The bell rang, and then her class was s
pilling past her, dusting her desk with papers, calling out hopes that she’d find those glasses, voices friendly, uninvolved. “Ronnie,” she called, thinking he’d surely help her if it meant a little extra flirting time, but he was whisking out the door, waving his blurry hand at her in goodbye.
She patted her way along the corridor to the office. She could see well enough to know where she was going, but she’d never be able to drive home. She trailed her fingers up against a big sticky wad of gum and recoiled. She had this sudden image of all the students she had ever flunked emerging from the corridors, coming in for the kill when they realized how helpless she was. Things like that happened here. Cherry bombs under the French teacher’s skirt. A gym teacher getting knifed because he had made a boy do one too many squat thrusts.

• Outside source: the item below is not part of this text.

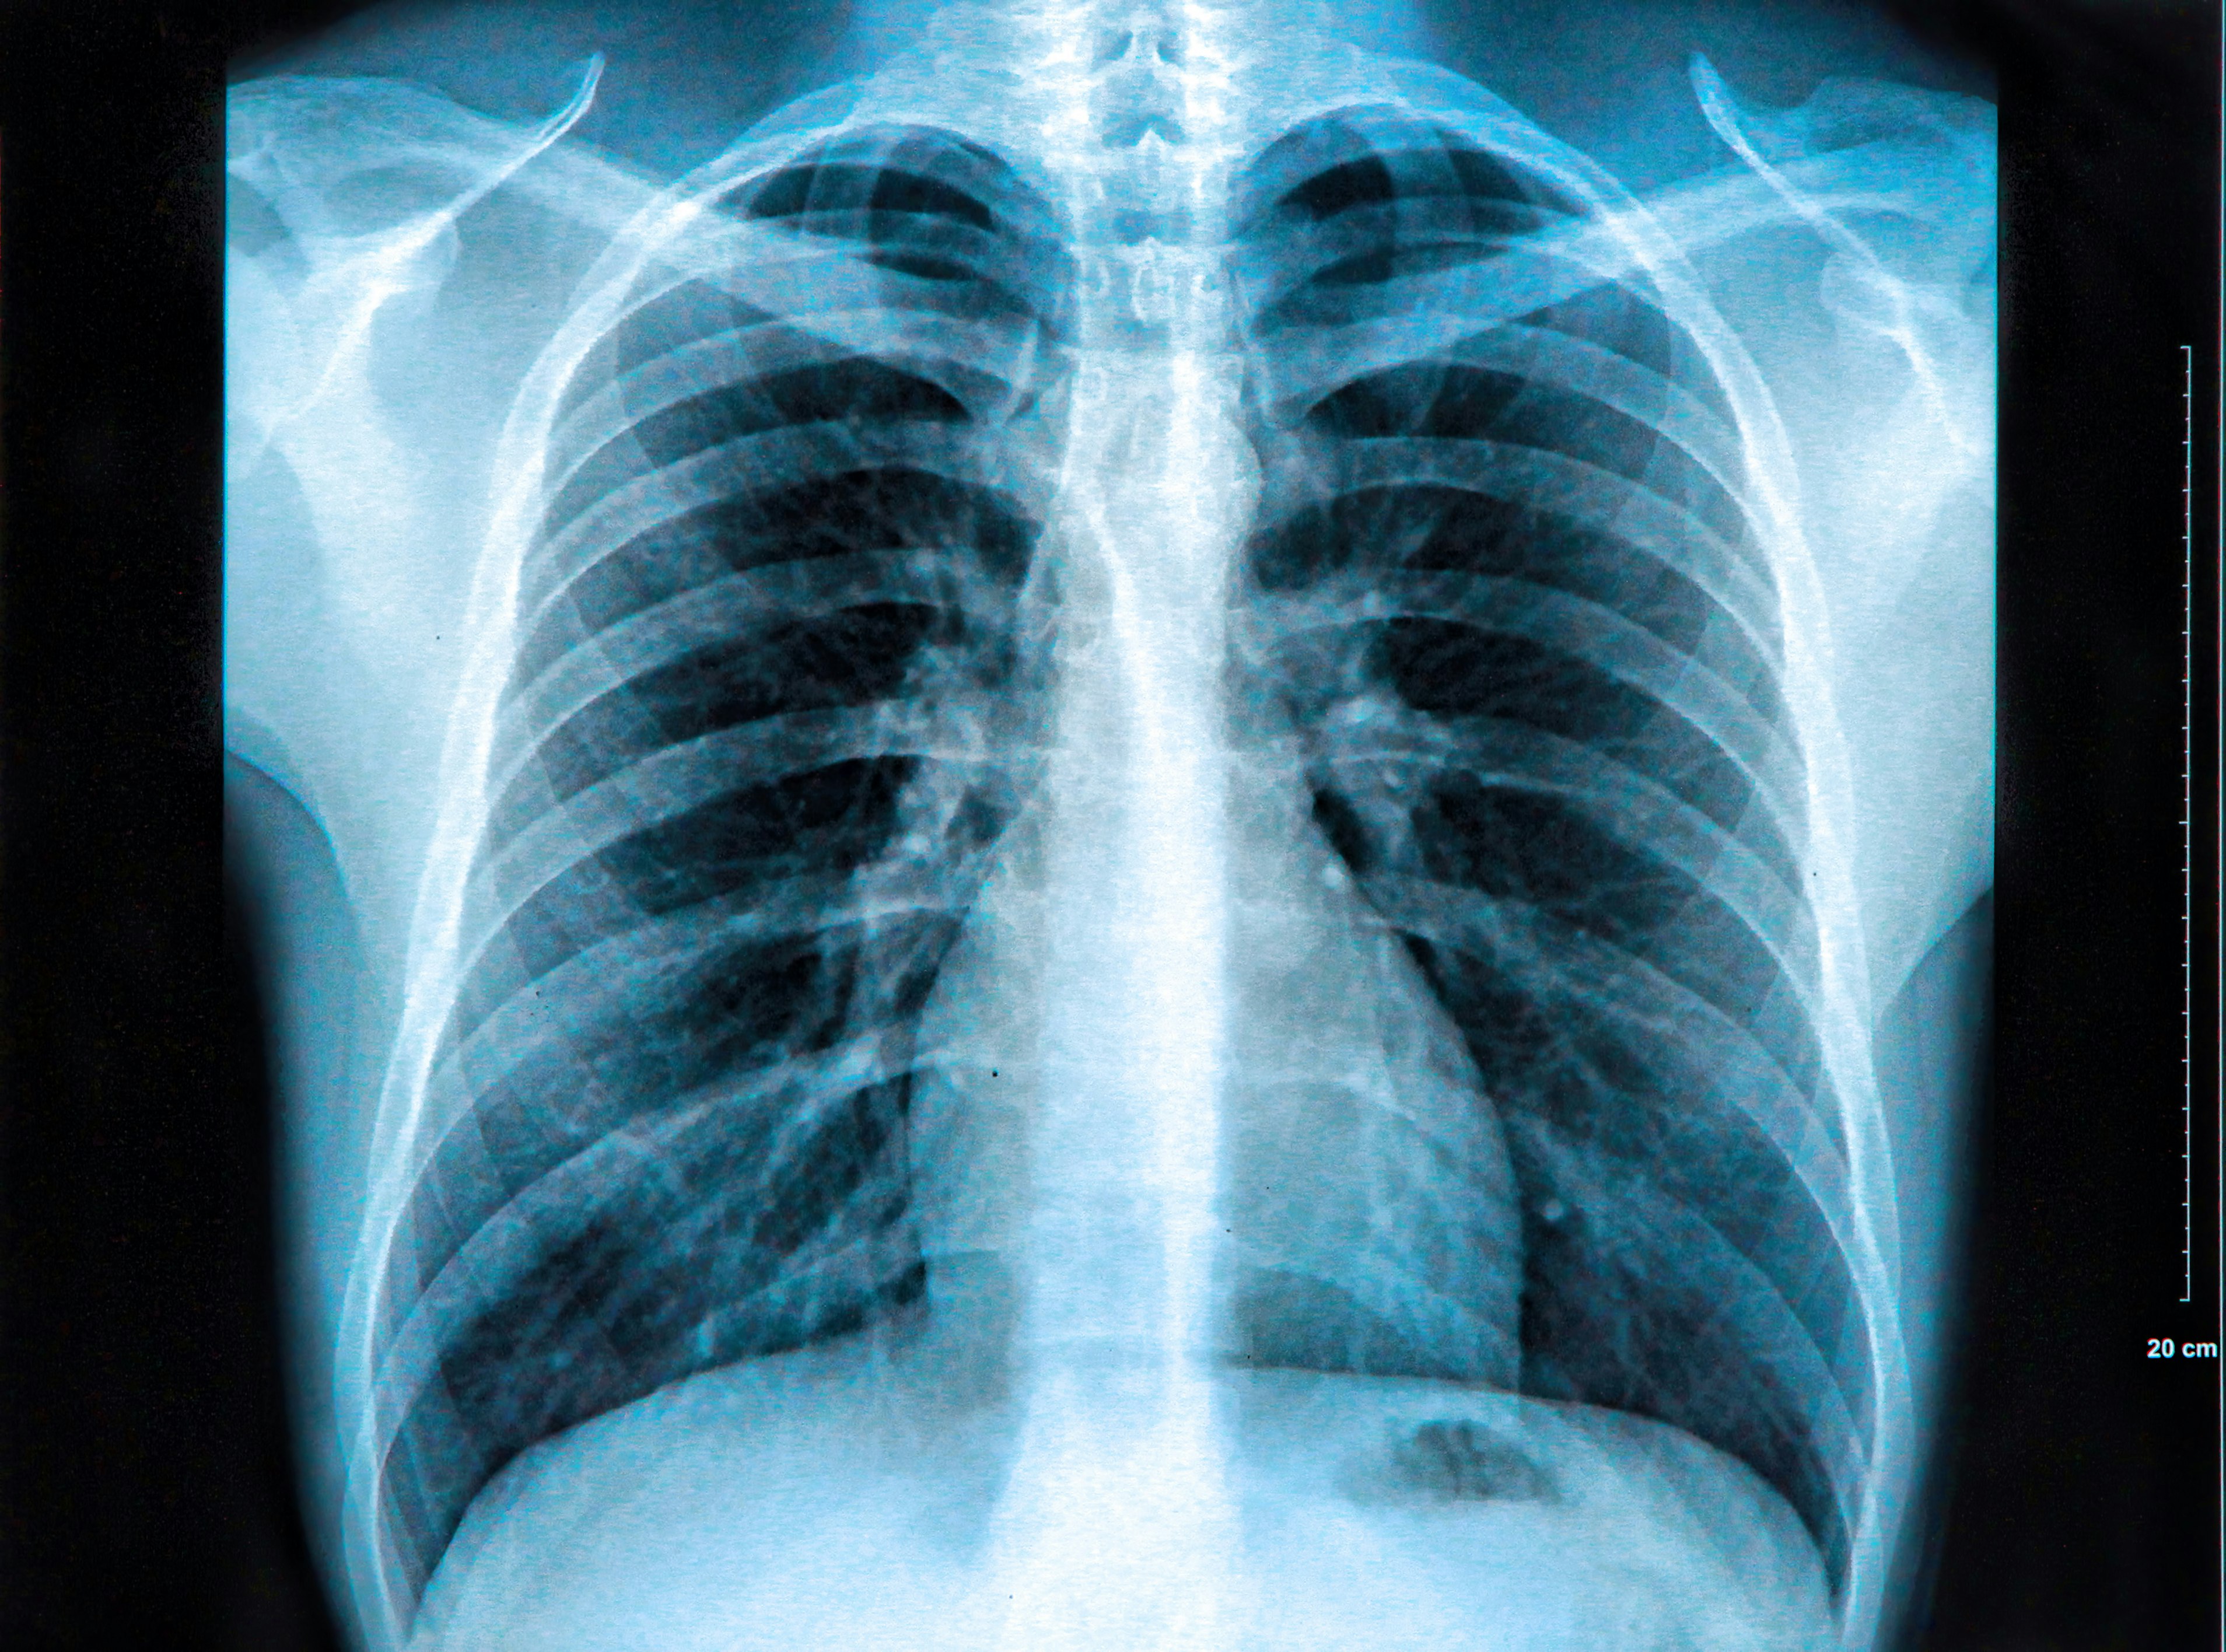 The Science Behind X-Ray Imaging

She told herself she was different, she was invincible. Two years of teaching and not one bad thing had happened to her. She had confiscated whiskey bottles and knives, and no one had threatened her, much less retaliated. She’d even had students come back to visit her after they had dropped out of school because she had failed them for yet another term. Students gave her gifts on her birthday. She remembered one boy had written her a poem. She had begged him to try to publish it, and had brought him the addresses of small literary magazines. She couldn’t understand his moody refusal—until a month later, when she had been in the Thrift-T-Mart, buying grapes, and had heard the words of his poem woozily crooned out by Frank Sinatra over the loudspeakers.
She suddenly felt someone in the corridor with her, and she squinted. Up ahead. A muddied image. A man, leaning against the wall, silently watching her. She wasn’t sure what to do. She knew every teacher here by shape as well as sound; she knew the colors and clothing they wore. This man was small and lean and in a suit, something the other men avoided. It could be a parent, she thought, except he didn’t seem lost, and he didn’t seem angry about his kid making him trek all the way out here. He was just leaning, just waiting for her.